Bill wanted to go back and start over, to see if any of the tourists they missed had returned to their rooms, but Runyon talked him out of it. The man was in no shape to do any more interviewing-a couple of the campers had reacted warily to his disheveled and hollow-eyed appearance, and they might not have been the first to shy away. He knew it, too; he didn’t put up an argument when Runyon offered to go back into town and make the rounds again by himself.

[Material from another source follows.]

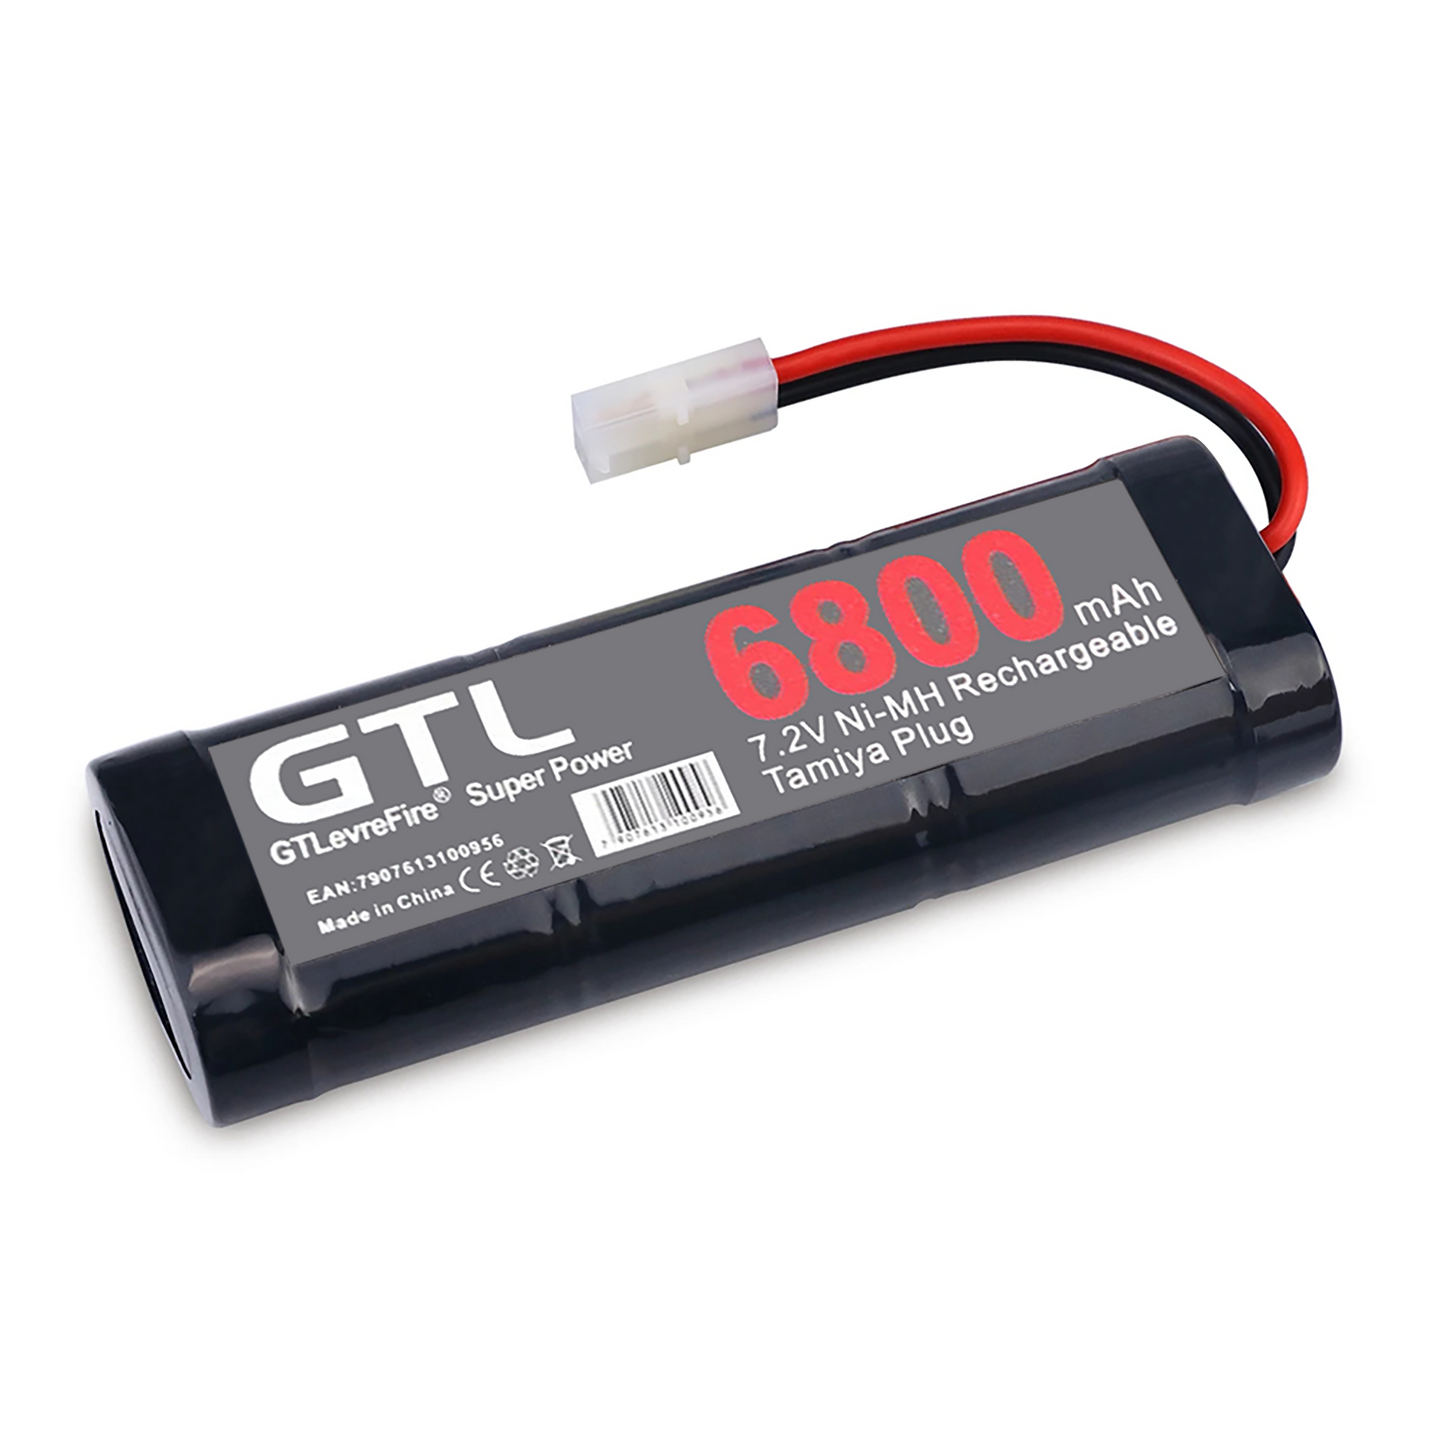 8 (€ Jn 6800 mAh Rechargeable GTL Ni-MH Plug

“All right,” he said. “The rental house isn’t far from here. Follow me up there first so you’ll know where it is.”

Bill’s driving was a little erratic, another sign of how strung out he was. Runyon followed at a safe distance, memorizing the route from the valley road. He’d packed an overnight bag before leaving the city; he got it out of the trunk while Bill opened up the house, took it into the spare bedroom he was pointed to.

When he came out again, Bill was sprawled on the couch in the living room with a piece of notepaper in his hand. Wordlessly, he extended it to Runyon. List of motels and B amp;Bs, names, room numbers; all but three of the names had lines through them. A similar list in Runyon’s pocket contained four names left to check. Seven altogether. Chances a couple of points above zero.

“One other thing,” Bill said. “The mailman, Ramsey.”

“What about him?”

“He looked familiar and I just remembered where I’d seen him before. Sunday, Green Valley Cafe, while Kerry and I were in there having lunch. He and two other guys were in the booth behind us-I think one of them was Ned Verriker. They got into a verbal wrangle with another customer, an ugly little guy they called the mayor.”